2005/07/21 - 2005/07/29
2252位(同エリア4529件中)
極楽人さん
チェコ~オーストリア~ハンガリーを妻と二人で旅行したときの写真集です。この地域は第二次大戦での決定的な破壊を免れた街が多く、中世の面影をそのまま残しているのが魅力でしたが、とりわけプラハの美しさには息を呑みました。また、戦争さえなければ、ドイツはじめ他の欧州の街々も同様の美しさだったのだろうと、残念にも思いました。
EUが東に広がる中、かつて「東欧」と呼ばれた地域は、最近では「中欧」と呼ばれるようです。この地域の都市に関しては、最近のガイドブックやWebには「犯罪急増中」の警告、悪質なスリや引ったくりの被害などが多数報告されていました。私も久々の欧州旅行、しかもこの地域は初めてだったので、財布にチェーンをつけたり安全グッズを揃えたりしましたが、全く杞憂に終わりました。経験から言って、他の都市と比べてもずっと安全で平和で、私達には気持ちのいい旅行になりました。都会だけでなく、途中の小さな町や近郊の村々でも、のどかで気持ちのいい人たちとの出会いがたくさんありました。
今回の旅行は市販のツアーを原型に、プラハとブタペストを3泊づつに延泊して全8泊9日。日数に余裕が出来た分を近隣の観光や寄り道に使いました。汽車やバス、観光船などは日本からWeb手配したり時間を調べたり、トーマス・クックの時刻表にもずいぶんお世話になりました。ホテルは指定ですが、どこも3つ星・4つ星で問題なし、最初と最後に送迎が付いているのも安心でした。また、ツアーと言っても集合場所に集まったのは我々二人のみで、事実上の個人旅行でした。

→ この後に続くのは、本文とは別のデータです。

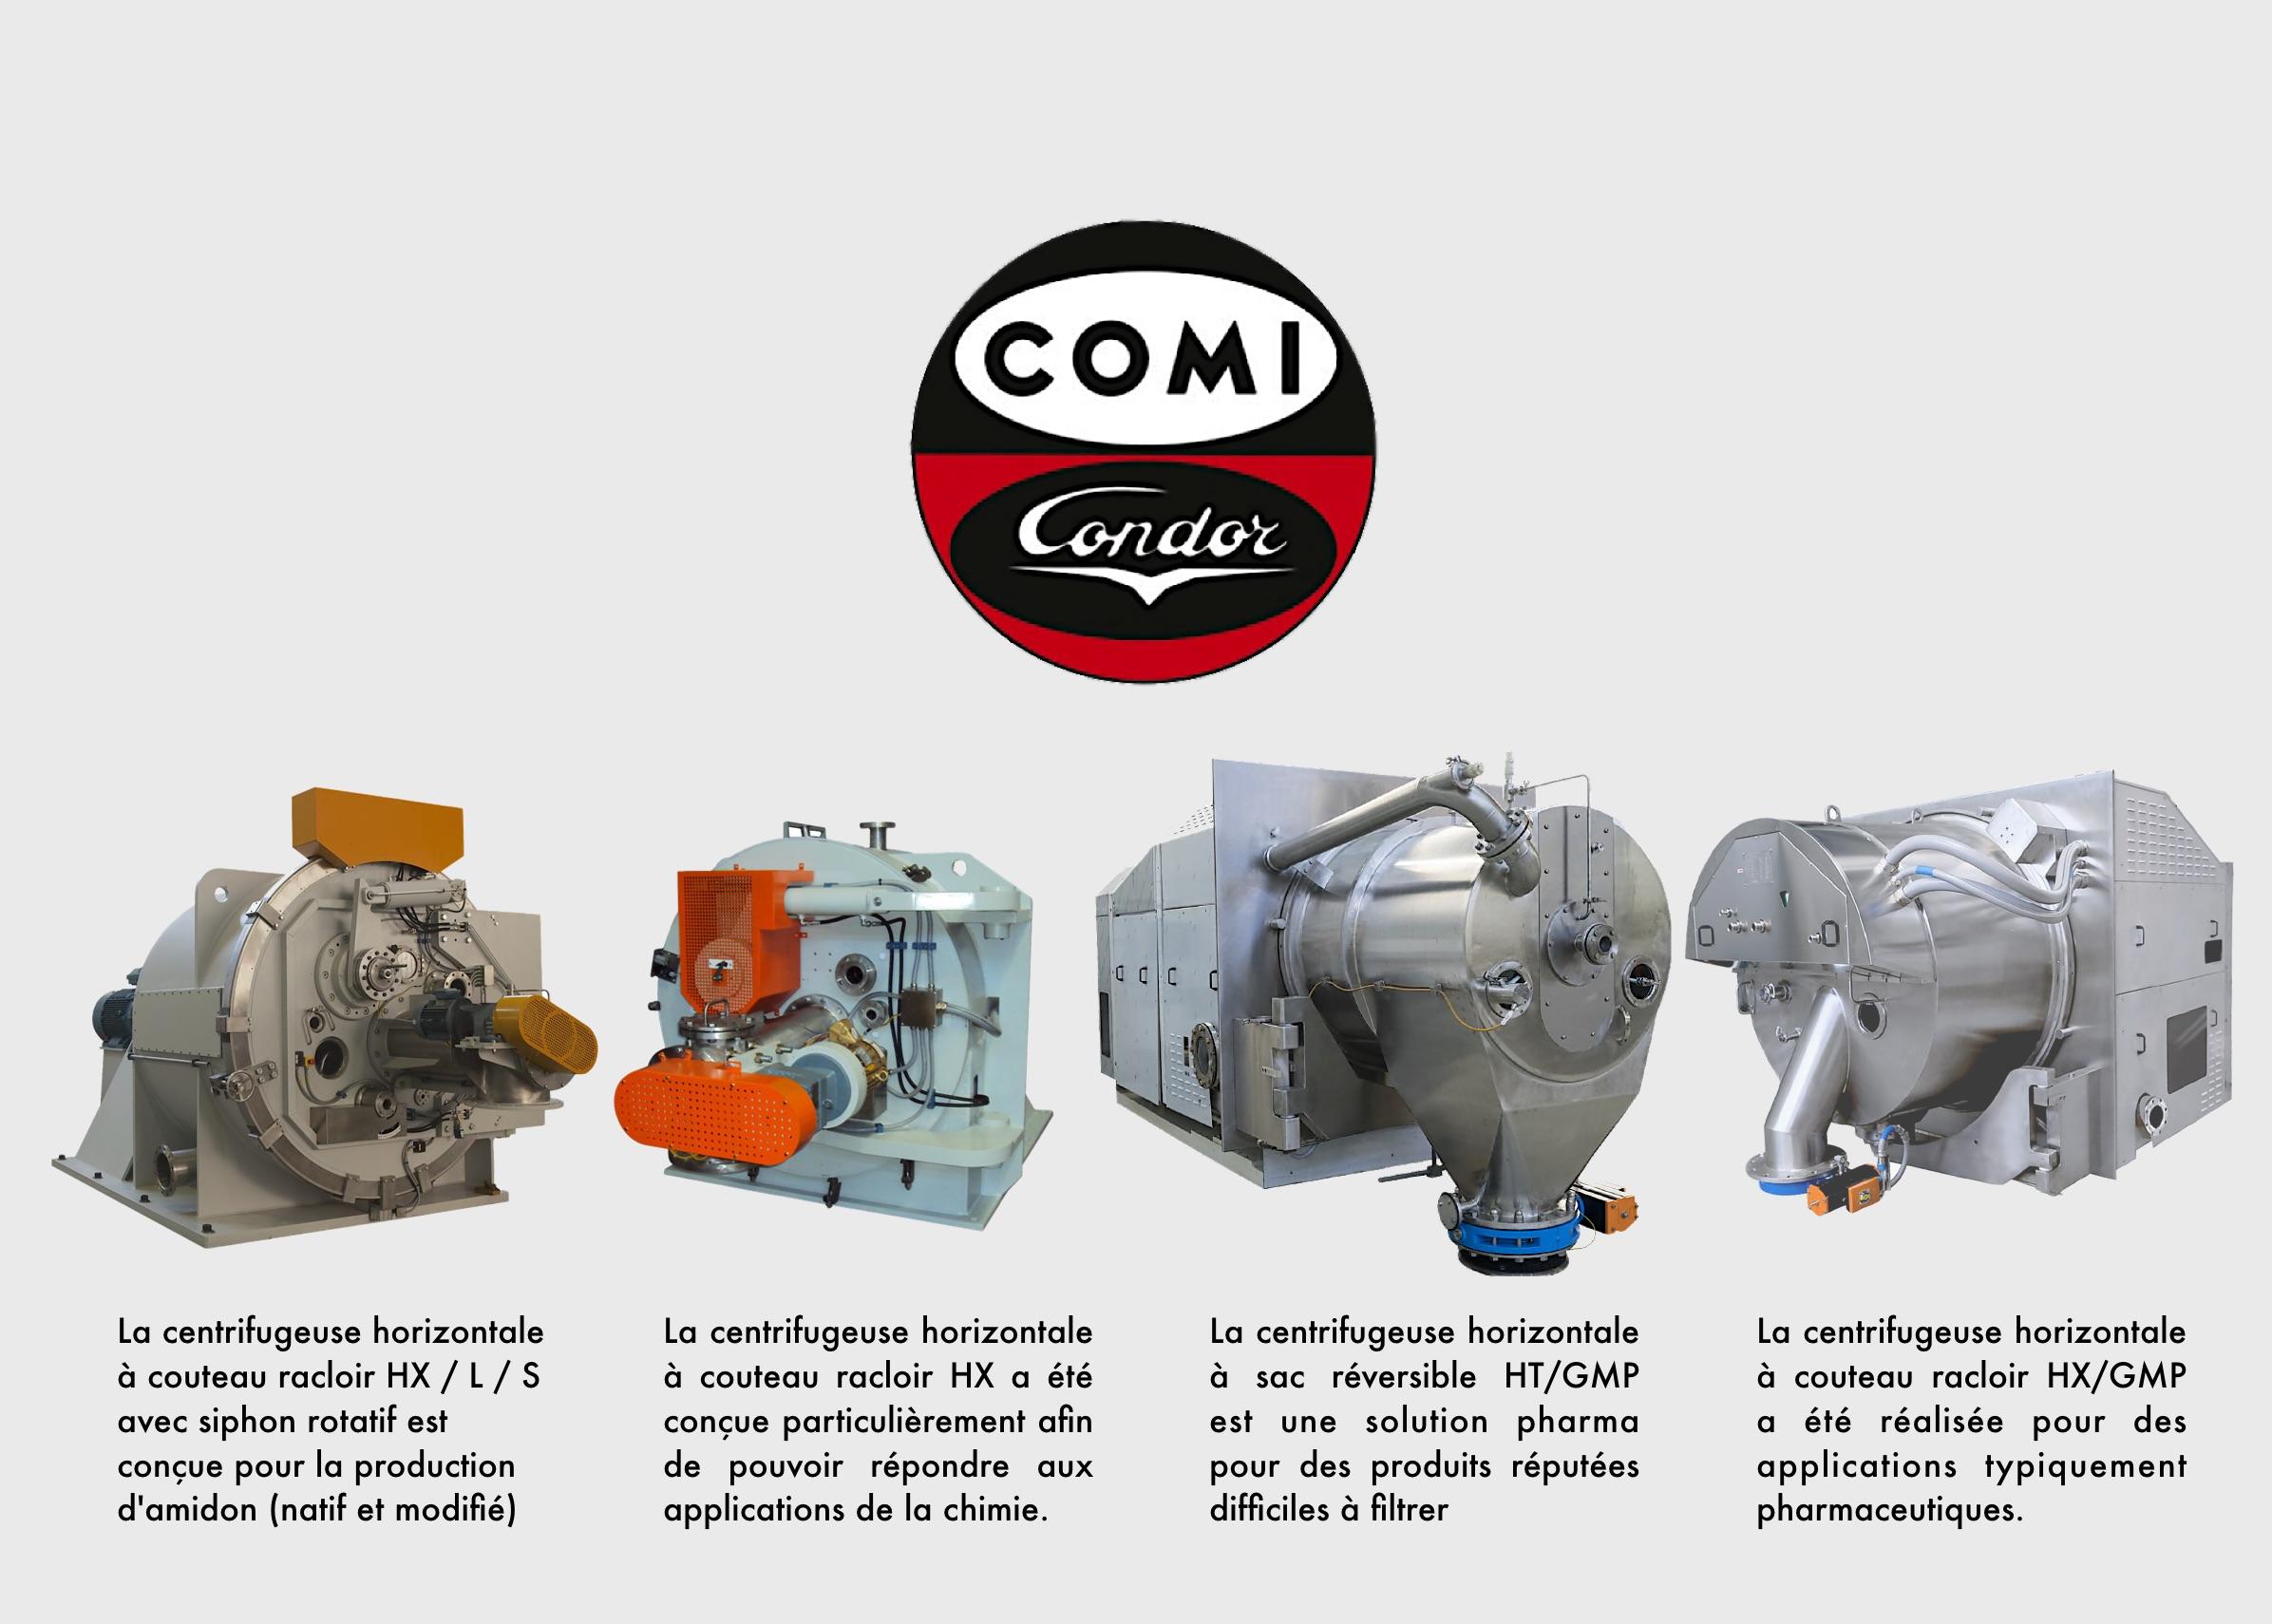 Comi Condor - Milan.jpg

契約上「方向転換」は出来ませんが、途中の計画は好きにアレンジできました。
- 同行者
- カップル・夫婦
- 一人あたり費用
- 25万円 - 30万円
- 交通手段
- 鉄道 高速・路線バス
- 航空会社
- スイスインターナショナルエアラインズ
- 旅行の手配内容
- ツアー(添乗員同行なし)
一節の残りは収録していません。